Post was an experienced pilot with thousands of hours in the sky — the NTSB report says logbooks revealed Post had accrued 3,103 total hours of flight experience, 1,214 of them in gliders. The most recent inspection of the glider had been on July 3, less than two months before the crash.
Last November, Linda Post, as executrix of her husband’s estate, posted a legal notice giving any “creditors having claims against the decedent or the estate” four months to make a claim.
On Jan. 14, Brittany Cates filed a notice of claim “for wrongful death.” Cates is with Faxon Law Group of New Haven, Conn., a law firm representing the estates of both Morozes. Both claims list “several million dollars” as their amounts.
Post’s lawyer, Robert Hemley of the law firm Gravel & Shea, filed court documents on Linda Post’s behalf, saying the claims should be rejected. As reasons, Hemley noted that neither the NTSB nor anyone else has determined Post was responsible for the Morozes deaths, and no judgment in any court has established that, either.
Hemley also noted that the claimants have not provided any real value of their claims, or provided any basis.
Soaring no more
According to the Vermont Secretary of State’s corporations division, Stowe Soaring was launched as a business in 1993 by David Whitcomb, who ran it until 2000. A year and a half later, in December 2001, Post restarted the company, and ran it until last year’s crash.
The family signed over the company to the lawyer handling the Post family trust last December, and Stowe Soaring was dissolved on March 1.
Doug White was a close friend of the Post family, and counts Don as one of his inspirations in learning to fly. He said it’s his “gut feeling” that Post had that effect on a lot of pilots.
Post loved gliding so much that he would regularly make several trips in a day, as long as people wanted to go up.
“He would literally keep picking people up until they stopped showing up at the gate,” White said.
White sits on the Vermont Aviation Advisory Council, which “is responsible for recommending an aviation policy for Vermont, an investment program for Vermont airports, airport classifications, air project priorities, and actions to enhance the linkage between Vermont's aviation industry and the state's economic vitality airport investments and air project priorities.”
He thinks the glider outfit was starting to have trouble fitting in at the Morrisville-Stowe airport, which in recent years has built up its infrastructure to allow for more scheduled flights, leaving less space for general aviation.

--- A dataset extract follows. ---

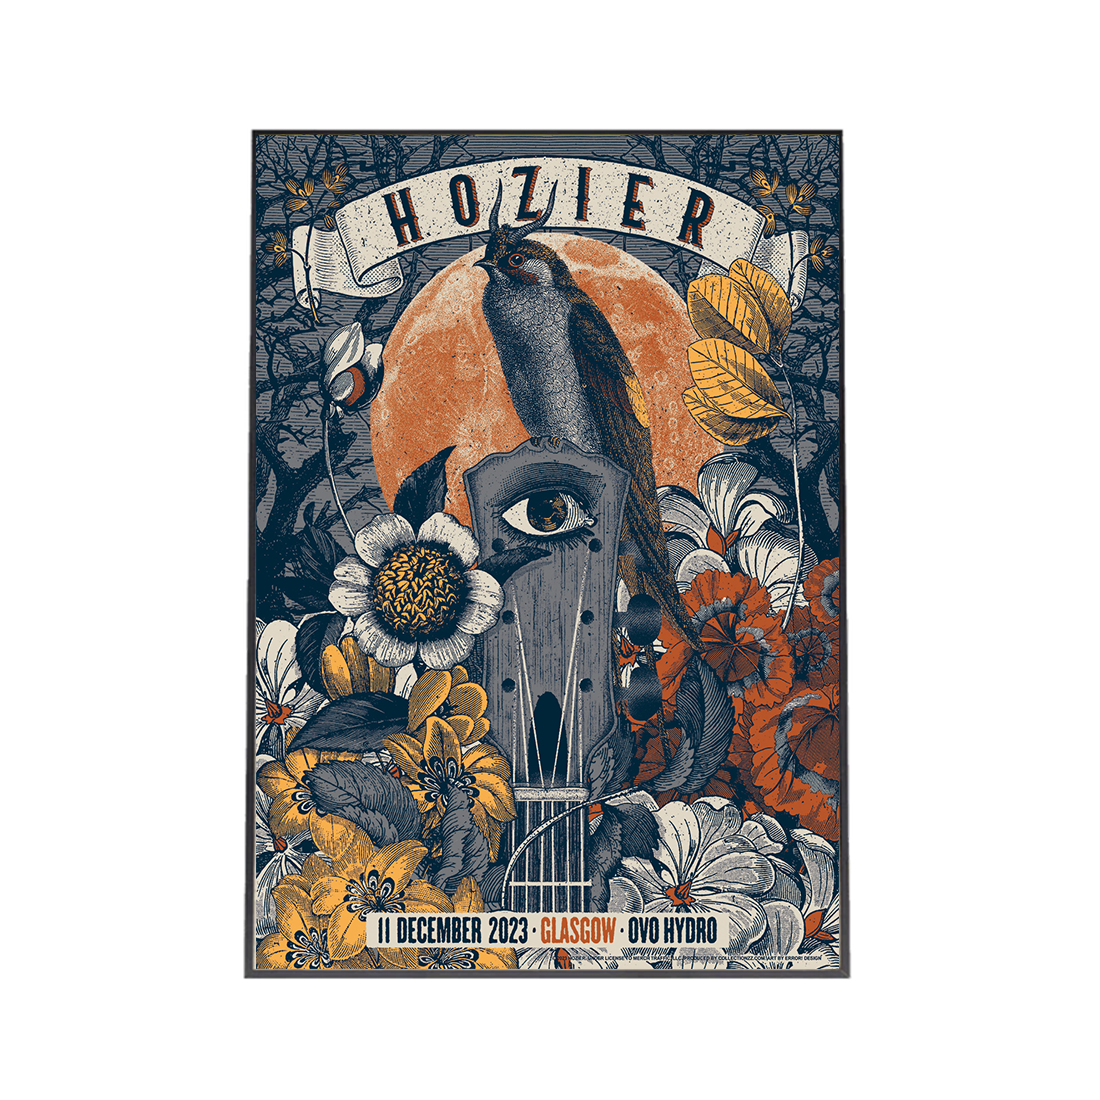 Hozier - Glasgow Event Poster
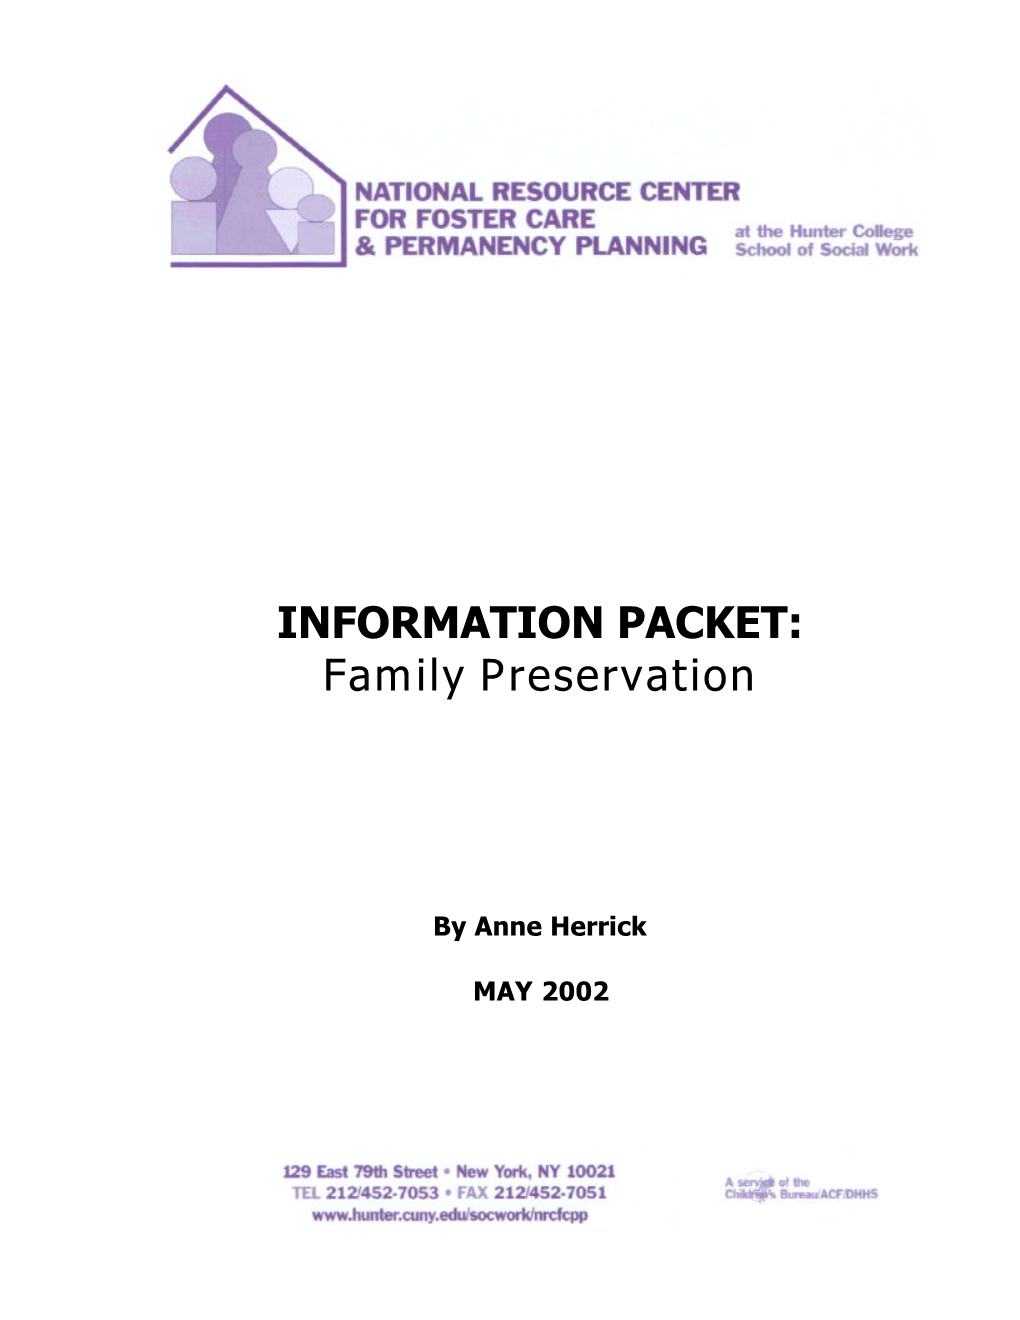 INFORMATION PACKET: Family Preservation

“Running a glider operation becomes awkward, because you’re battling a different set of rules, and it becomes a little crowded on the ground,” White said.
Back in the day, the airport was a place where pilots — veterans and up-and-comers — would hang out and fly their own rigs in and out.
White’s not sure how Stowe Soaring got its start, but he likes to think a bunch of guys hanging out found a glider for cheap at a tag sale, and one thing led to another. He credits Post for keeping it going all these years, despite all the headaches.
“Regardless of who started it, the only reason is lasted so long was Don’s love of flying and taking people up there,” White said.